The Favourite (Yorgos Lanthimos, 2018)
With the mesmerizing aesthetics and powerful performances of his latest work, unconventional director Yorgos Lanthimos becomes an Academy "favourite".
I had my reservations about The Favourite when I first heard about Yorgos Lanthimos's new release. Don't get me wrong, I never doubted it would be a great film, but it felt as if, suddenly, the unconventional greek director had decided to take on a screenplay that was more fitting to the Academy's taste than his previous works. Known for his uncanny, bizarre stories, Lanthimos had proven to be a truly out-of-the-ordinary director, with films like Dogtooth (2010), The Lobster (2015) -a masterpiece with a superb screenplay, that actually earned it an Oscar nomination back in 2016- and The Killing of a Sacred Deer (2017), relying on ambiguous plots filled with unsettling elements and disturbing characters. So, when reading about The Favourite, everything pointed towards it as the inevitable moment Lanthimos had officially become a sell-out. However, though the story is indeed far from the strangeness of its predecessors, it is also far from being a regular historical piece. The rare form of comedy adopted in the script and the ambiguity imbued in what could otherwise be another period drama definitely shows that Lanthimos has not lost his own voice -though he has, in fact, toned it down- in the process of gaining the Academy's recognition.

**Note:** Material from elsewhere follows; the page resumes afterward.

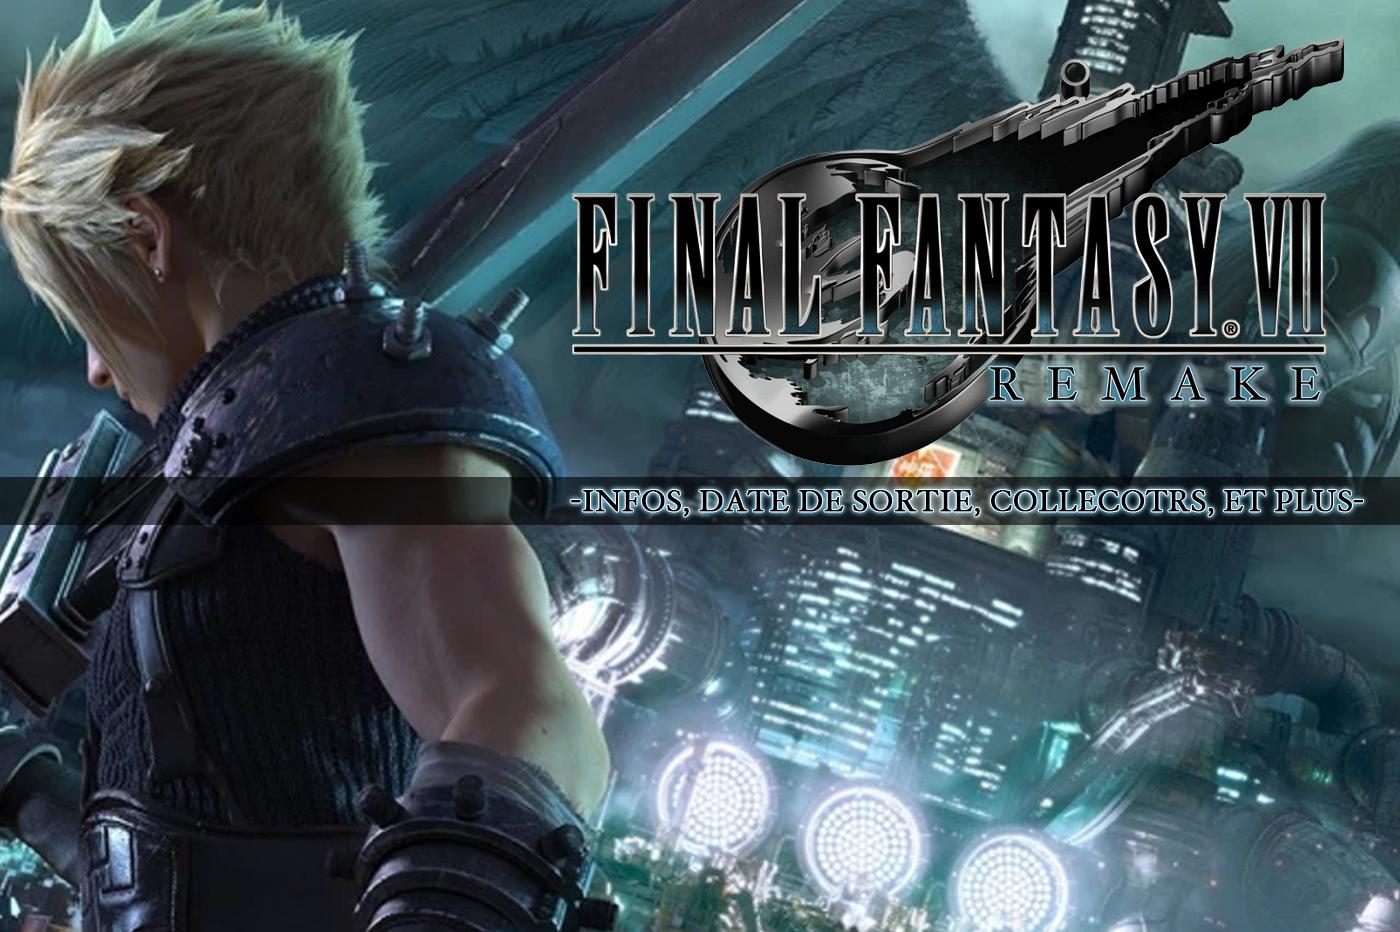 Final Fantasy VII Remake Infos, Dates, Collectors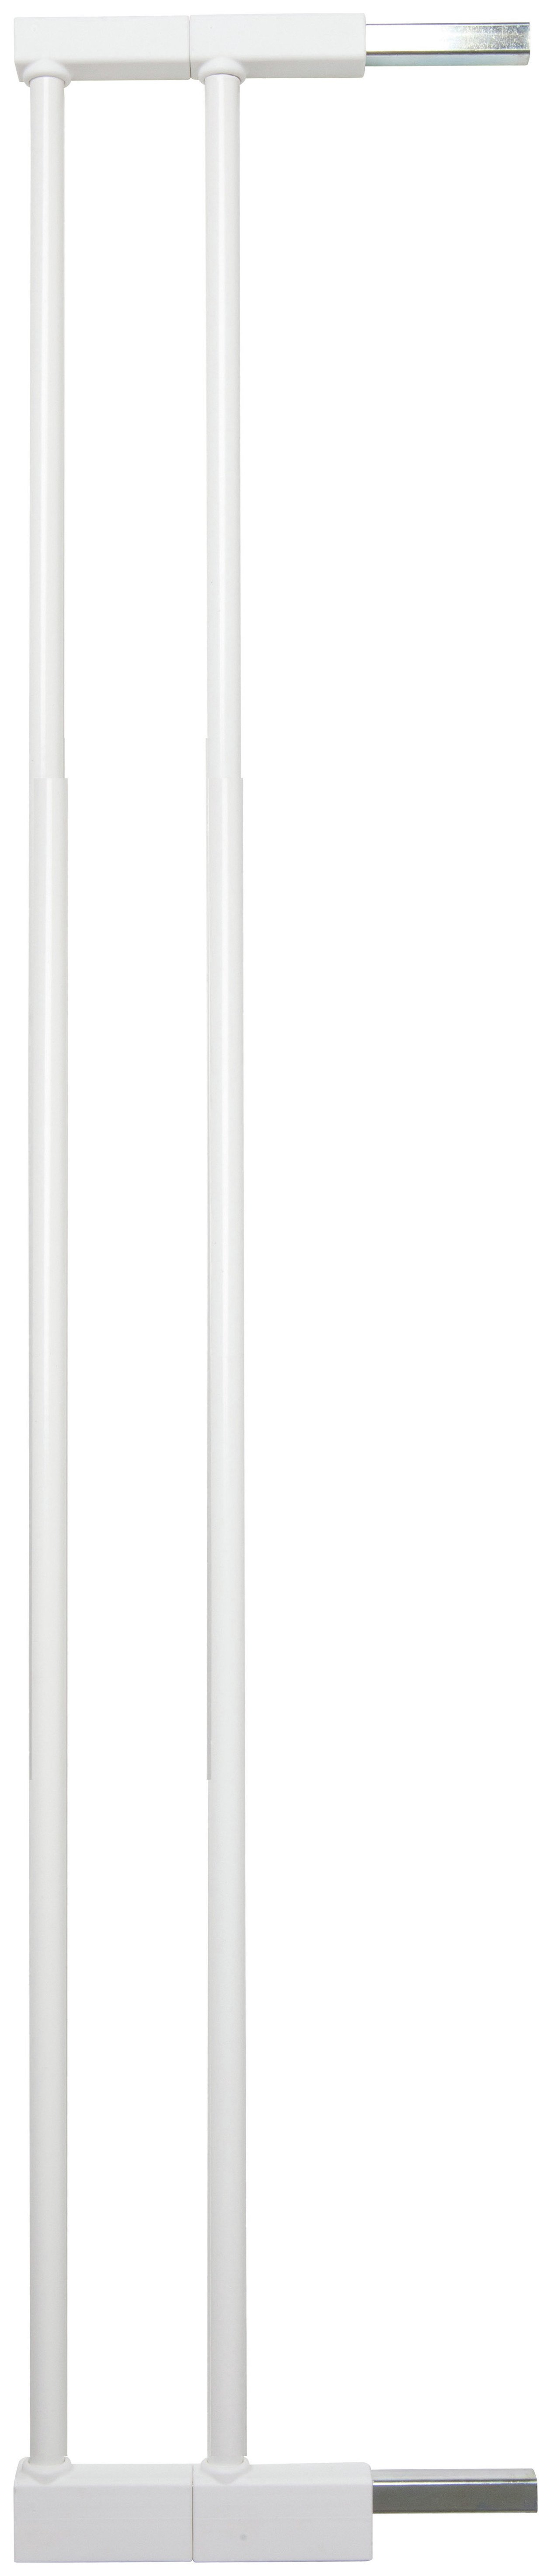 Scandinavian - Pet Design Tall Safety Gate - White.

I was visually captivated by this film from the second it started. I have yet to watch Roma and Cold War, so I can't really say much in terms of directing at this point -both Cuarón and Pawlikowski being strong contenders for the award in this category-, but Lanthimos's work by itself makes for a masterpiece in modern filmmaking. Same goes to Robbie Ryan for his work as director of photography, creating a visual atmosphere made up of mesmerizing, beautifully captured shots. From the very first frame -a wide-screen shot that shows Queen Anne (played by Olivia Colman) from behind, being undressed by two servants, in the company of Lady Marlborough (played by Rachel Weisz), allowing the spectator to get a full glimpse of the breathtaking scenario in which most of the film takes place-, The Favourite shows a mastery in cinematography that only gets better and better with every single scene. Aesthetically, this film is pure gold and I believe it rightfully earned every single one of its ten nominations for the Academy Awards -my only objection being that the score failed to become its eleventh-.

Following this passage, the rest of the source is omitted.